Era su gran deuda, posiblemente su reto más complejo. Su obligación tras la cámara hacia una parte demasiado importante de sus raíces.
Debe ser porque una vida intensa en tormentos, porque vivir en un guión enloquecido que habría sido más fácil de filmar, ha terminado por dejarle un hueco sentimental con que afrontar las mismas intensas emociones que le llevaron a descartar la "Lista de Schindler". Spielberg se encargó entonces de contar una historia ajena, de reflejar el dolor que Polansky sentía en primer plano, con la sombra permanente de la pérdida de sus padres y entorno en una infancia enmarcada en la pesadilla nazi. Pero ahora llega su ocasión, y reuniendo todos sus recursos consigue, haciendo lo que mejor sabe, devolvernos una vez más al tramo más oscuro del siglo XX, y ahí involucrarnos en una guerra plenamente diseccionada por el cine. Cómo lo logra, cómo hace de lo contado una película única y trascendente, es algo que sólo puede explicarse recurriendo a sus anormales facultades. Y a una especial sensibilidad curtida que pocos pueden tener... y que quizá sea mejor no desear.
Genios entre locura
Una vez más tenemos que soportar la crueldad de frías bestias alemanas sobre indefensos judíos, tragedia rentable para el cine con la que se nos presenta a inhumanos amparándose en el "orden" establecido para lanzarse a sus enfermos y primitivos instintos.

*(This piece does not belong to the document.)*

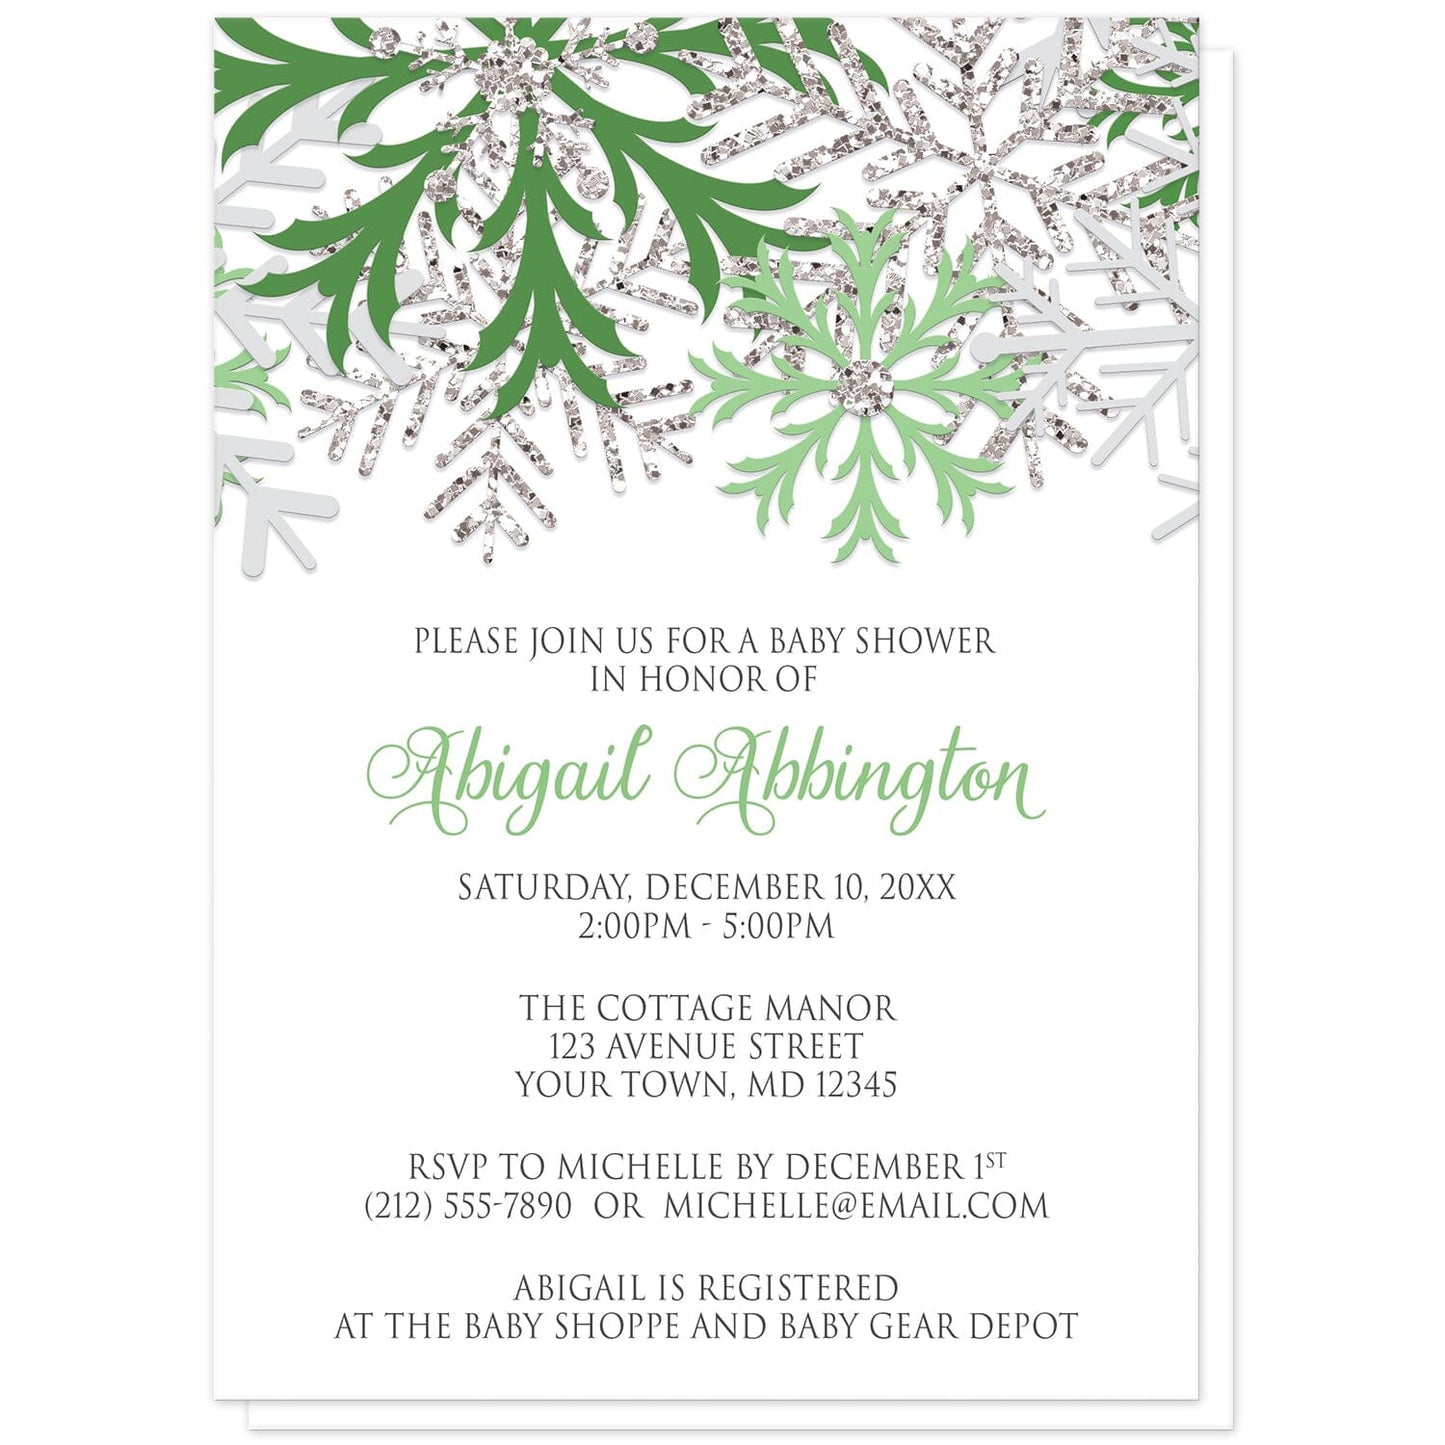 Winter Green Silver Snowflake Baby Shower Invitations at Artistically Invited. Beautiful winter green silver snowflake baby shower invitations designed with green, light green, silver-colored glitter-illustrated, and light gray snowflakes along the top over a white background. Your personalized baby shower celebration details are custom printed in green and gray below the pretty snowflakes.

El prejuicio nos impone un refrito de injusticias, barbarie y lágrimas chirriantes. La oferta es no obstante más descarnada. Una crudeza que hace de la muerte algo cotidiano que salpica cada escena, bien de forma extrema con aniquilamiento salvaje, bien de forma lenta con cadáveres cotidianos. Un descorazonador escenario en el que no hay un deseo de recrearse, sino de ofrecerlo como el 'pan nuestro de cada día'. Ahí se apuntan maneras de diestro realizador, de hacer lo que todos ofreciendo algo distinto... pero luego está la angustia creciente, esa forma en la que un artista de la música ha de infiltrarse en ese mundo de violencia desaforada, en una lucha hiperreal por avanzar en la supervivencia con la que se consiguen objetivos impensables. Desde largos planos en solitaria lucha contra el hambre, furtivas persecuciones desamparado, y permanentes deseos de, por encima de todo, volver a acariciar un piano, el mantenimiento de la tensión es el propio de un privilegiado. Cómo se llega a hacer algo semejante en el discurrir de los acontecimientos, es algo demasiado meritorio para ser explicado.
Es en apariencia el resultado de una mente que conoce perfectamente que se siente al estar sitiado, y que sabe sobre todo encontrar un camino hacia adelante. El de un superviviente que ha aprendido a ver el dolor como un indeseado compañero, al cual luchar con el simple hecho de seguir caminando. Y ese reflejo es el que hace a Wladyslaw Szpilman, sobrevivir en una pantalla de tonos tristes reviviendo un lejano hecho real. Sin buscar sensiblería, sin hurgar en la miseria que brota por si sola, El Pianista es en definitiva una muestra de maestría para contar una vida más, otra con la que poner nombre y apellidos a la historia.